--- INFORMATION SHOWN ---
+ + +

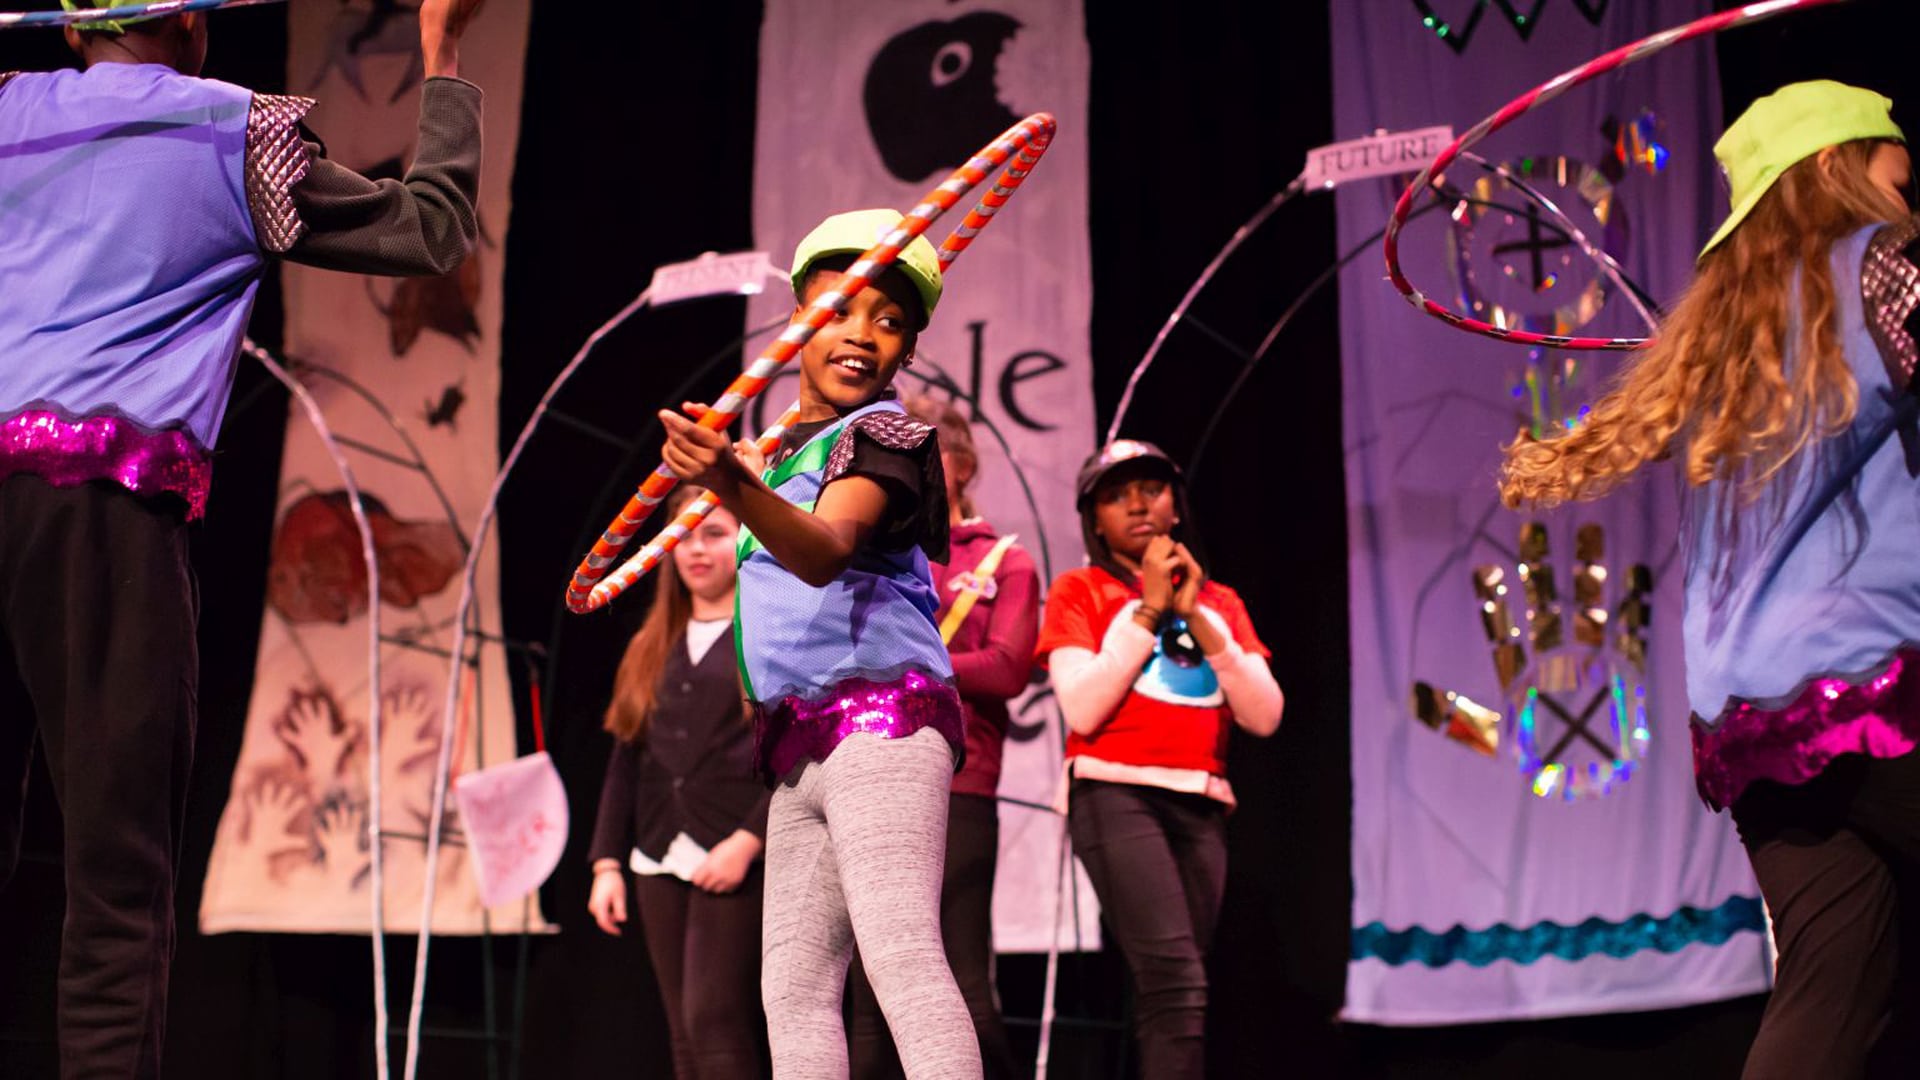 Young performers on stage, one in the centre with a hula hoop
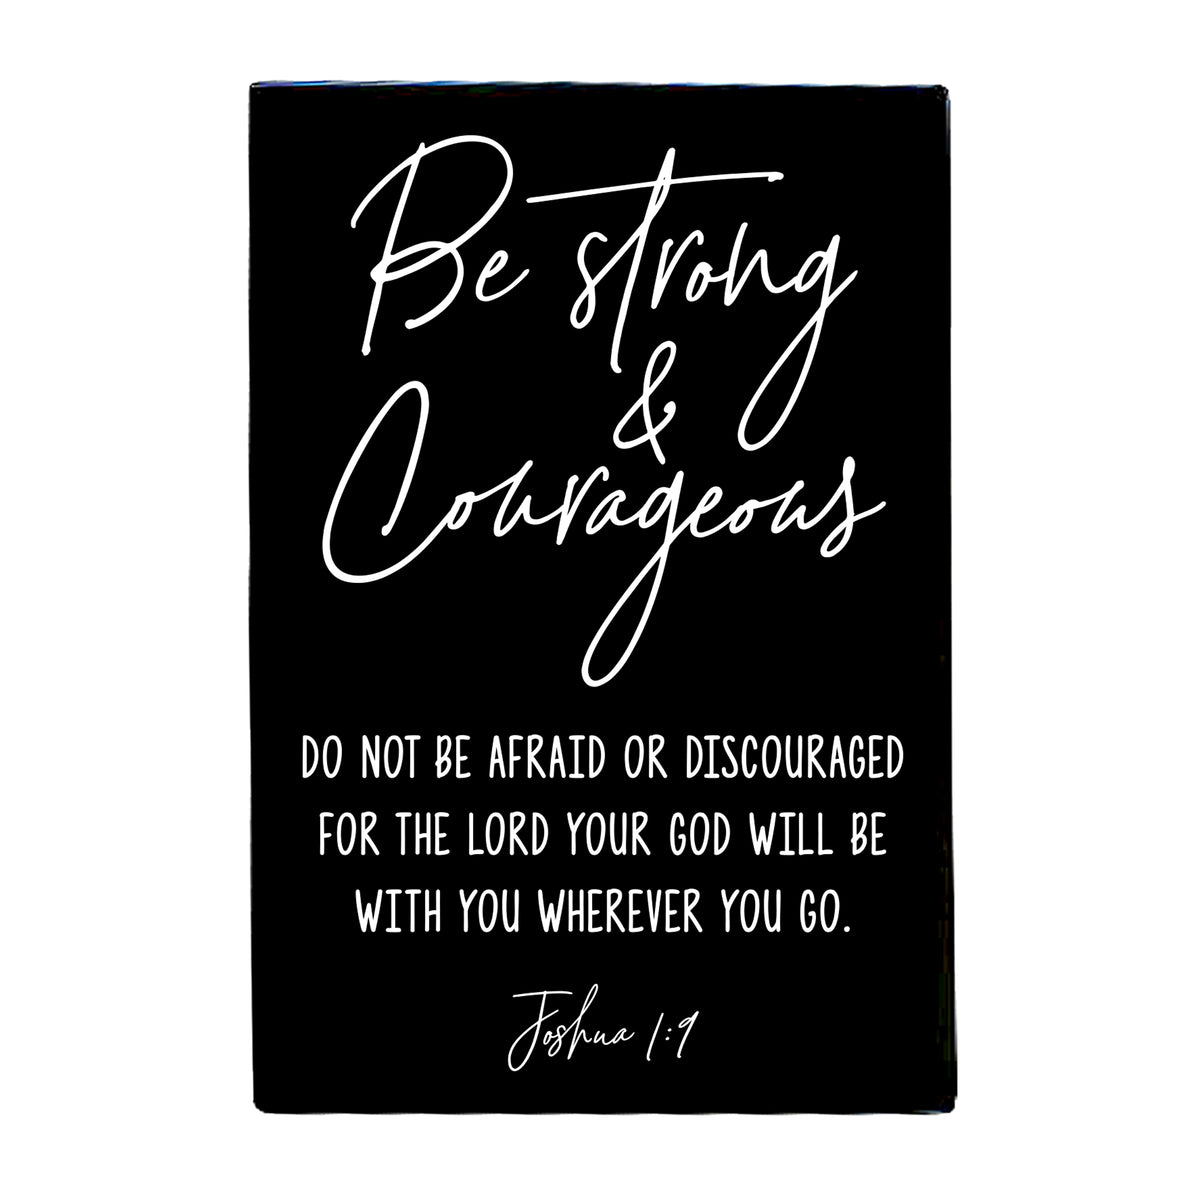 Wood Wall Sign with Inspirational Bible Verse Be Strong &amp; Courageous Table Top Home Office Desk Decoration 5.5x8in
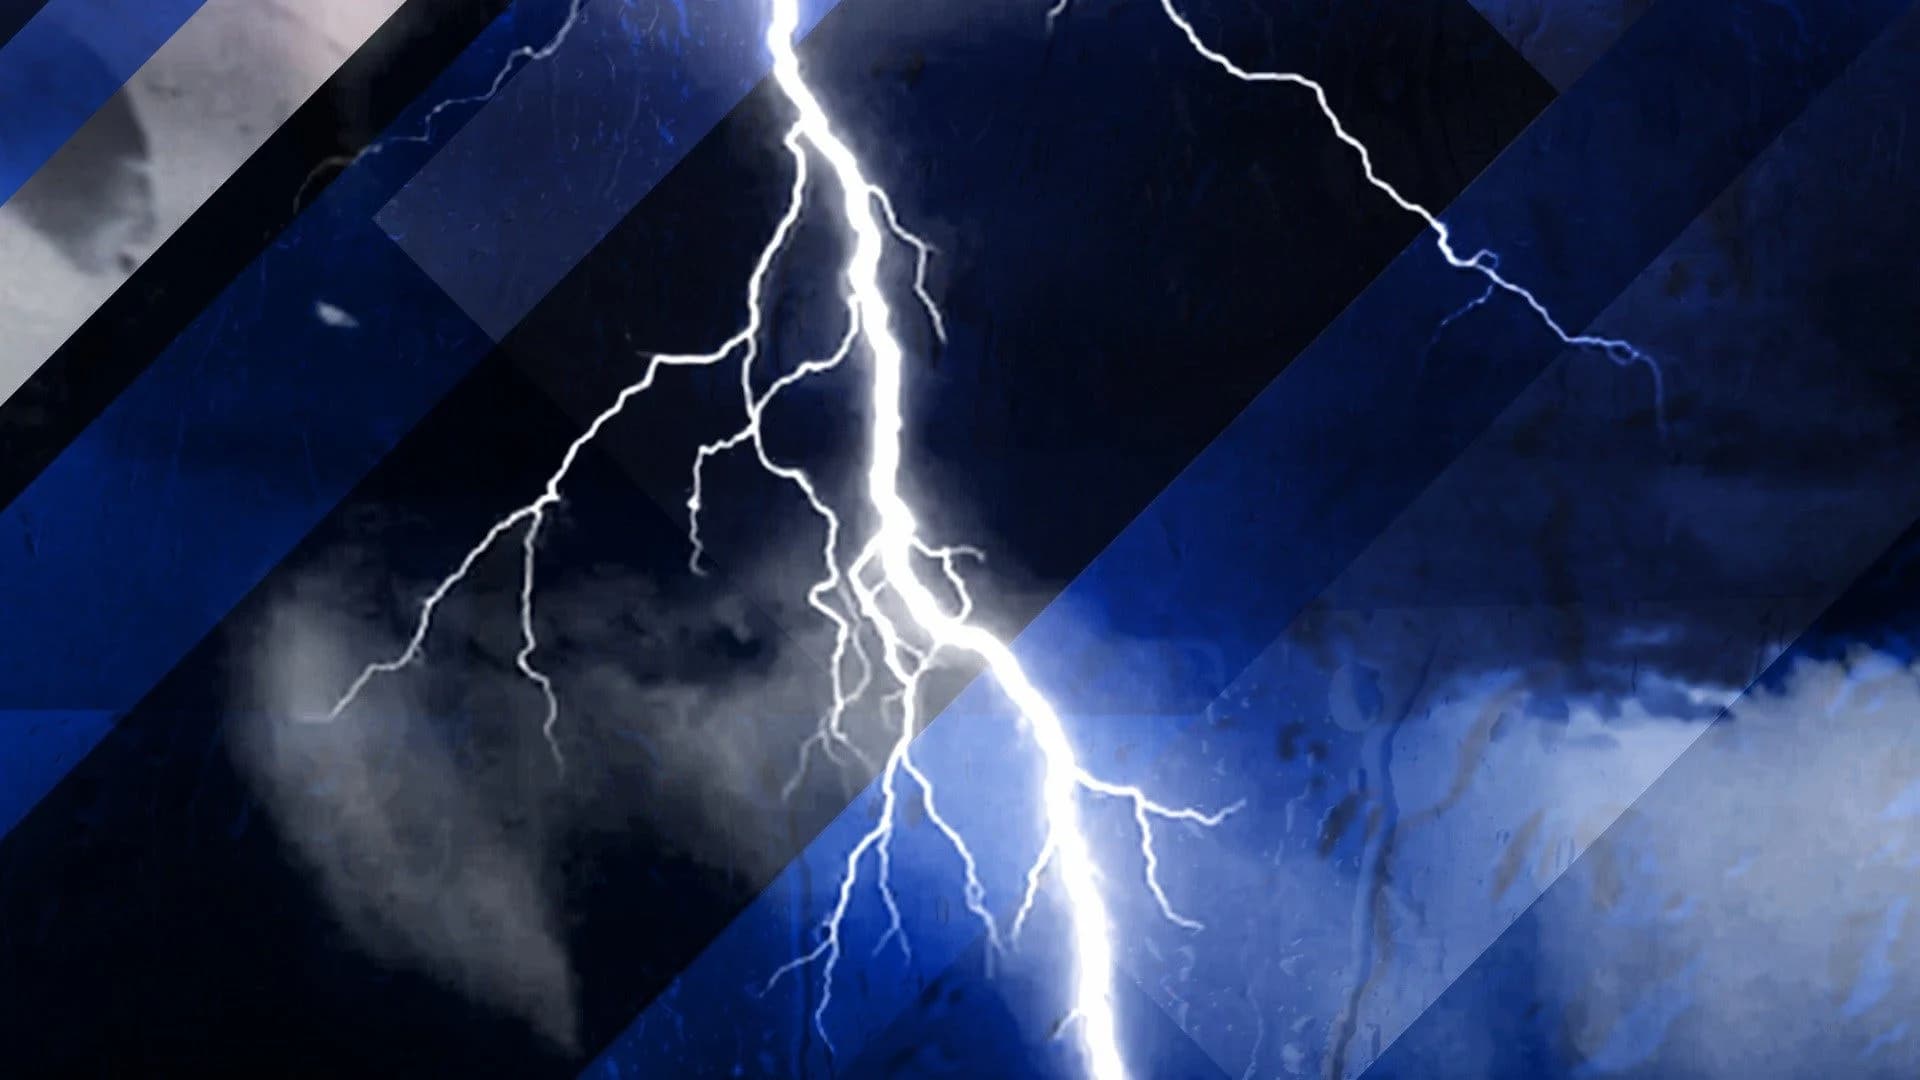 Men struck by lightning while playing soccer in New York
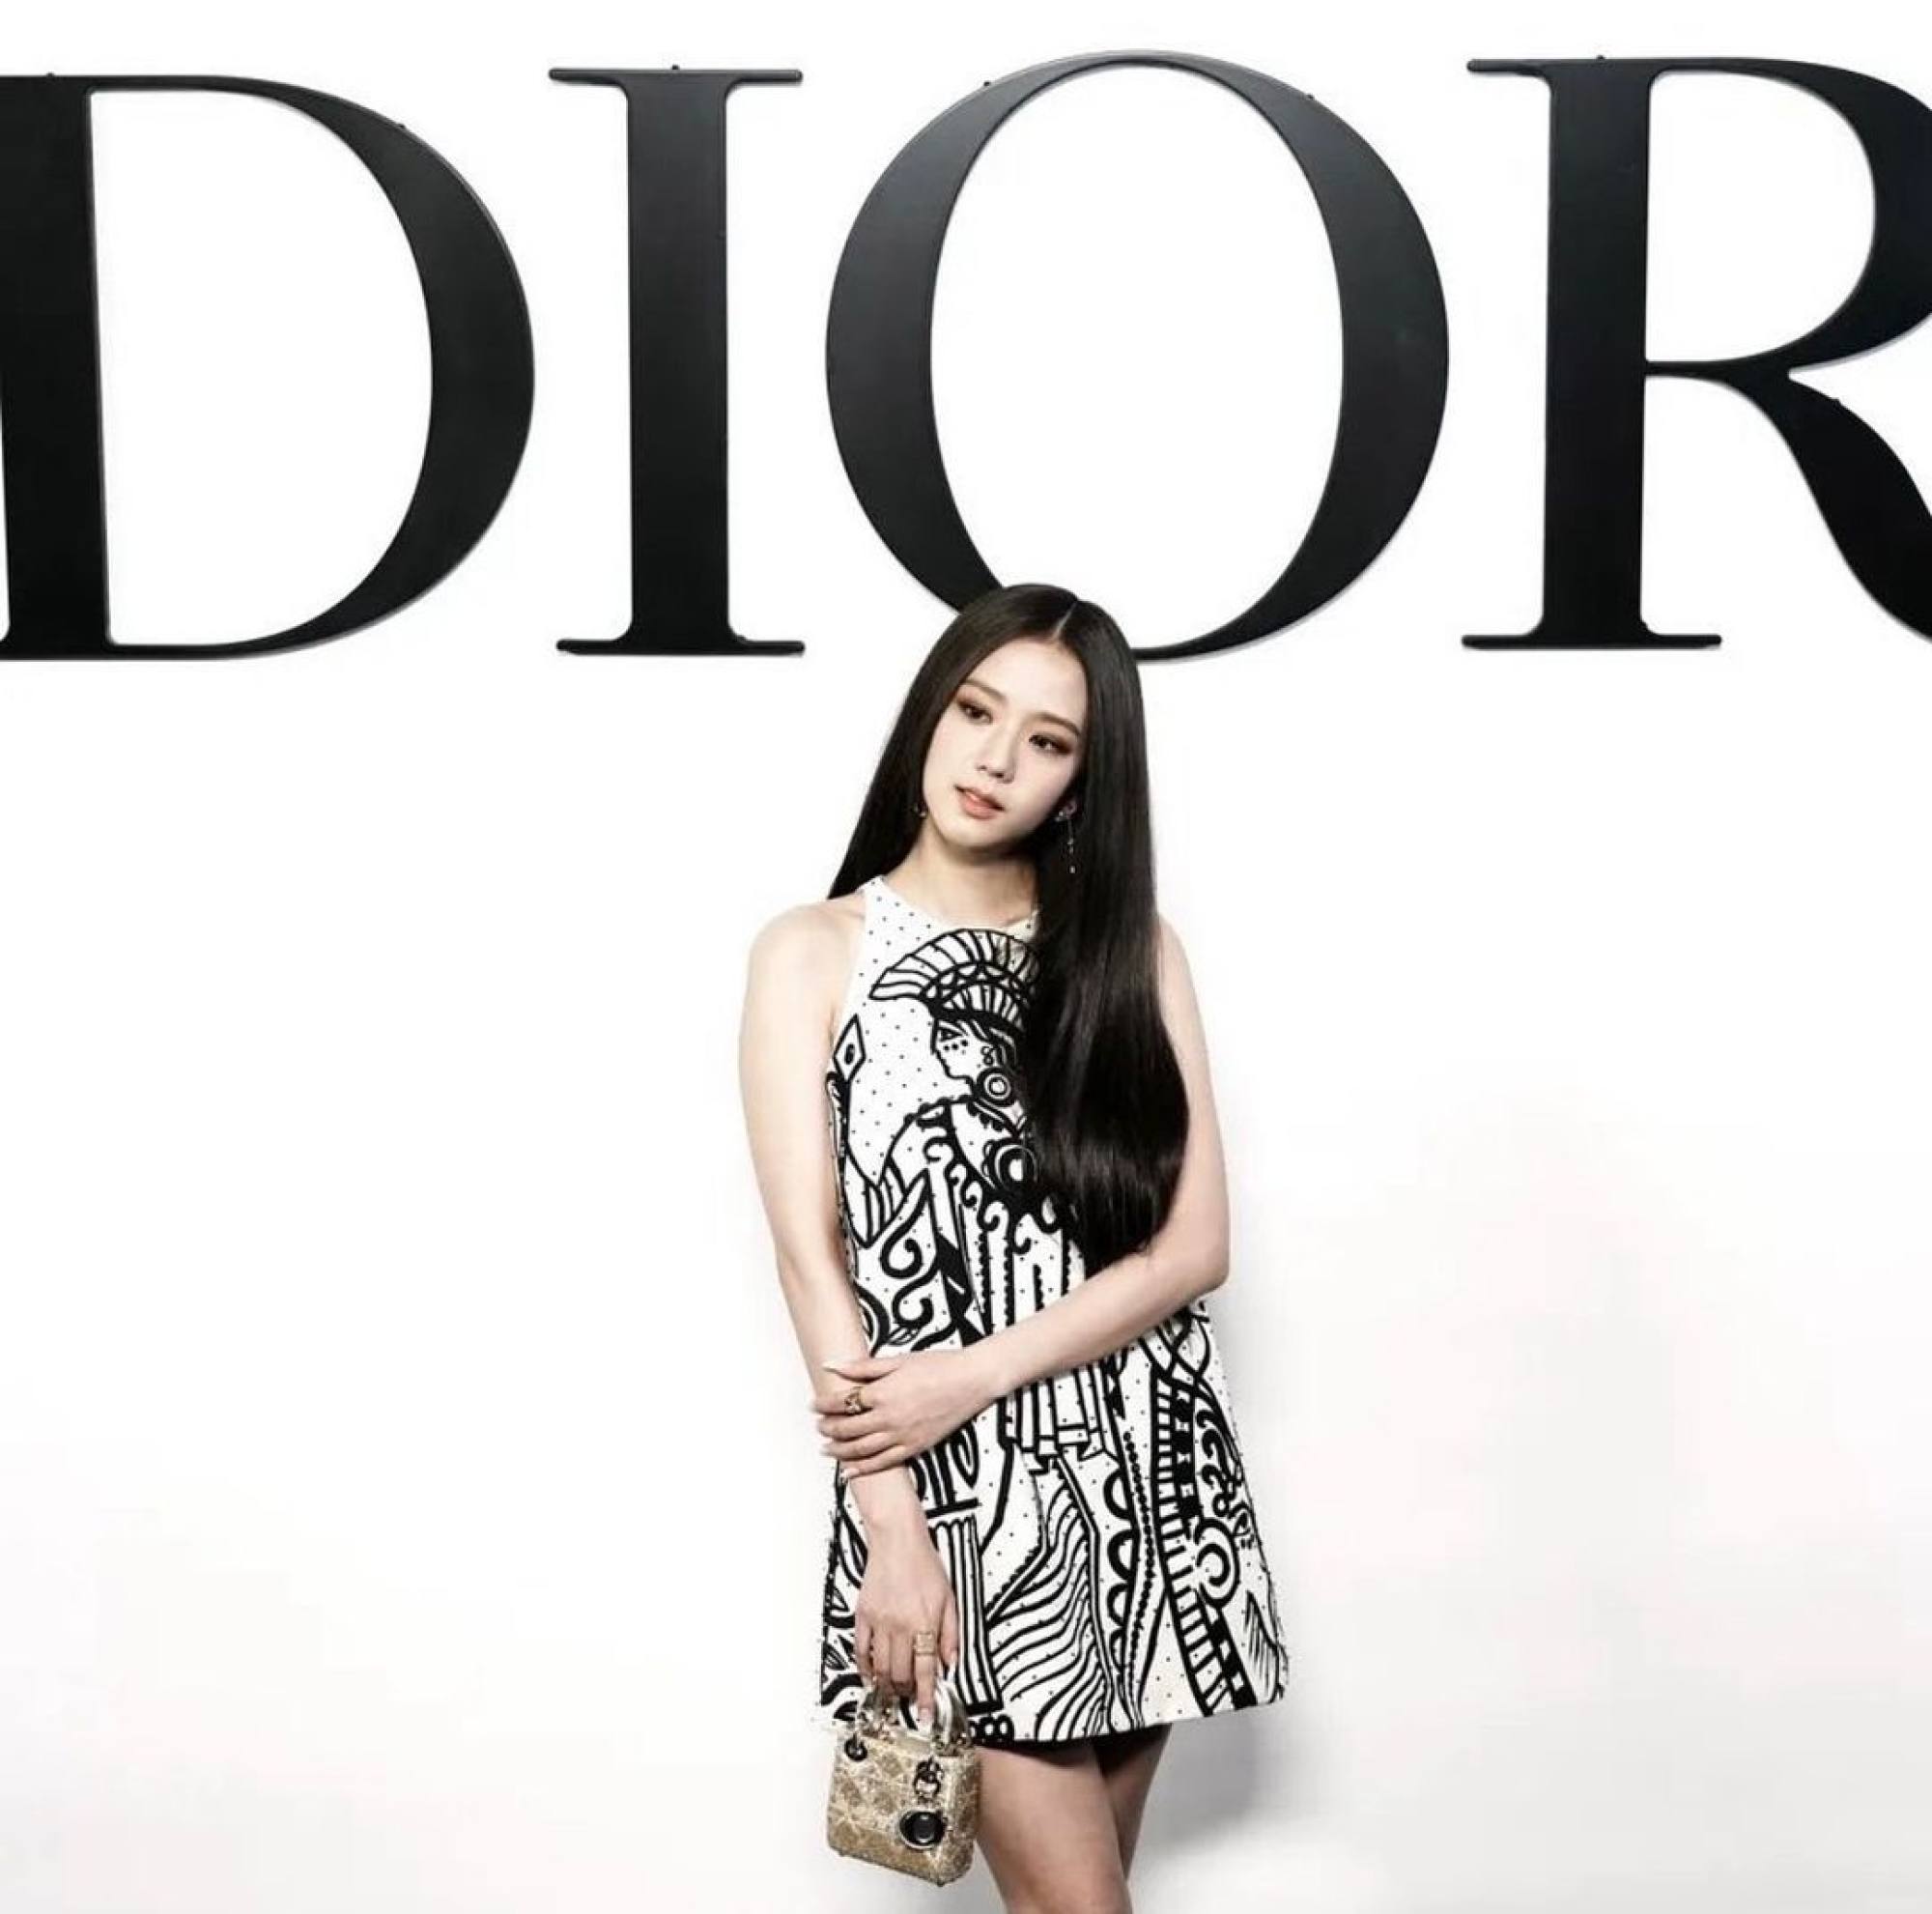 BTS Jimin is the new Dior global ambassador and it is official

+ + +

--- THE TASK ---
Everything in the listing above must be restated word for word, except the images.

--- RESPONSE ---
 Young performers on stage, one in the centre with a hula hoop
 Wood Wall Sign with Inspirational Bible Verse Be Strong &amp; Courageous Table Top Home Office Desk Decoration 5.5x8in
 Men struck by lightning while playing soccer in New York
 BTS Jimin is the new Dior global ambassador and it is official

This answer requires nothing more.